The advantage of this is that for bulk, time-consuming inserts, SQL will not hold the AI self-increment lock for a long time, but will insert a (have and only insert one, while simple inserts is a determined M) statement and then release it, which can be used by other things to achieve concurrency.

However, the degree of concurrency in this way is increased, but the performance does not necessarily improve, especially when importing data in a single thread, you have to constantly apply for and release locks.

For batch insertion, self-increment may become discontinuous (whether it is acceptable to communicate with the developer)

Innodb_autoinc_lock_mode belongs to read-only, and the MySQL instance needs to be restarted after modification.
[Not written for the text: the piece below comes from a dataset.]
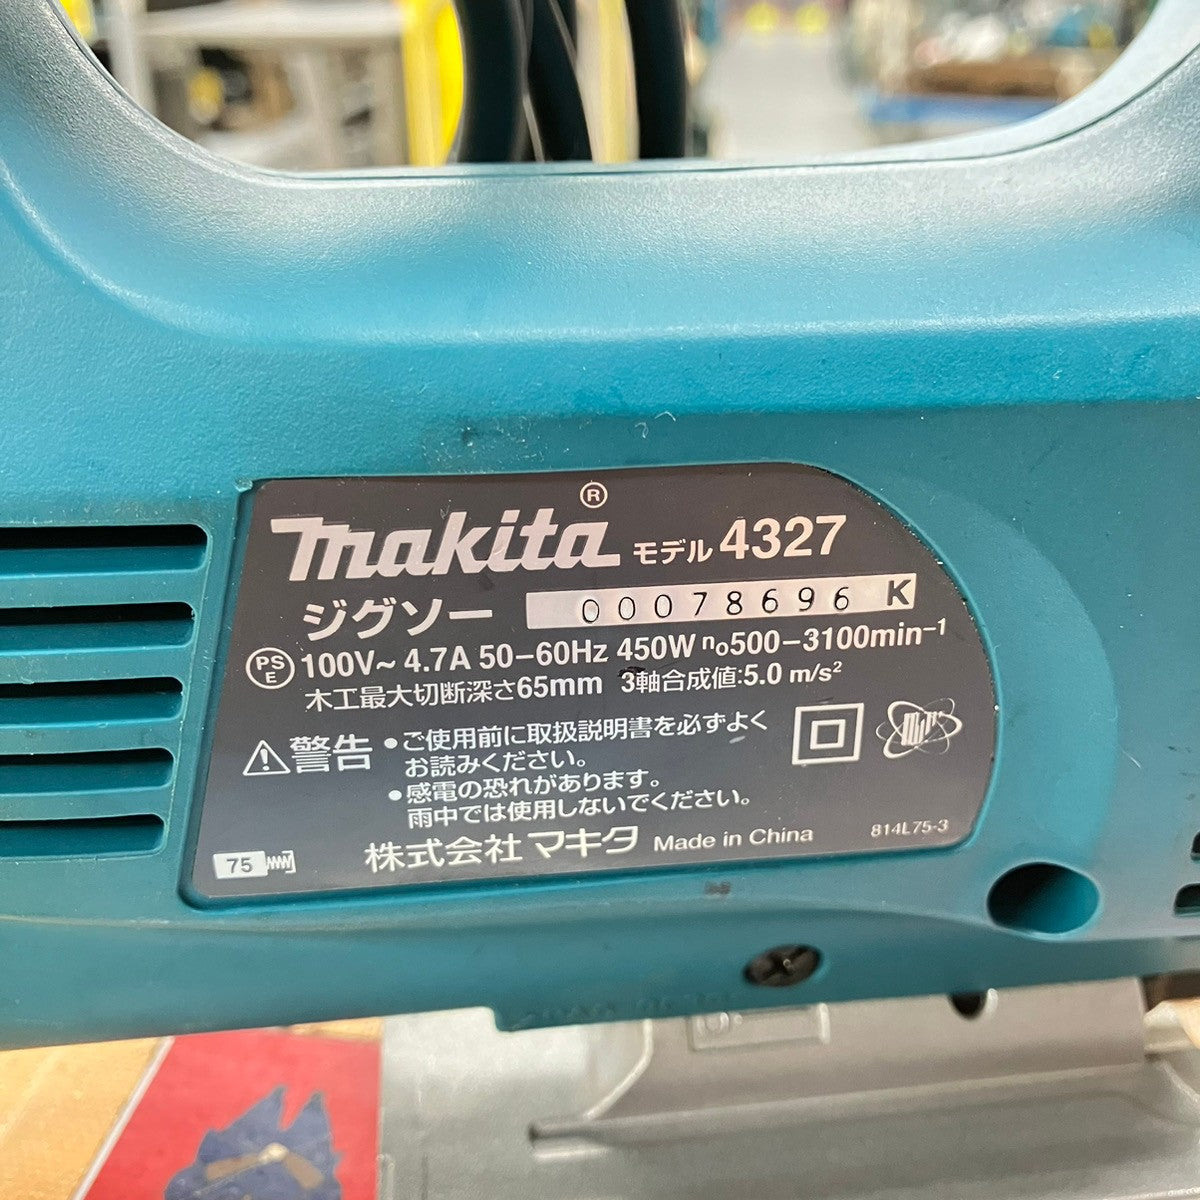 マキタ makita ジグソー 4327 【戸田店】 – アクトツールオンライン

Creation of self-incrementing column:

For federated indexes, the self-incrementing column must be placed in the first column

Create table jjj (an int auto_increment,b int, key (adre b)); / / KEY (bjorn a)

Self-adding lock:

AUTO_INCREMENT competition cannot be persisted, and its speed is fast.

When the MYSQL server is restarted, the value is recalculated:

SELECT MAX (AUTO_INC_COL) FROM XX is based on index lookups rather than full table scans

Self-increasing lock related parameters:

Auto_increment_increment: step valu

Auto_increment_offset: initial valu

Welcome to subscribe "Shulou Technology Information " to get latest news, interesting things and hot topics in the IT industry, and controls the hottest and latest Internet news, technology news and IT industry trends.

*The comments in the above article only represent the author's personal views and do not represent the views and positions of this website. If you have more insights, please feel free to contribute and share.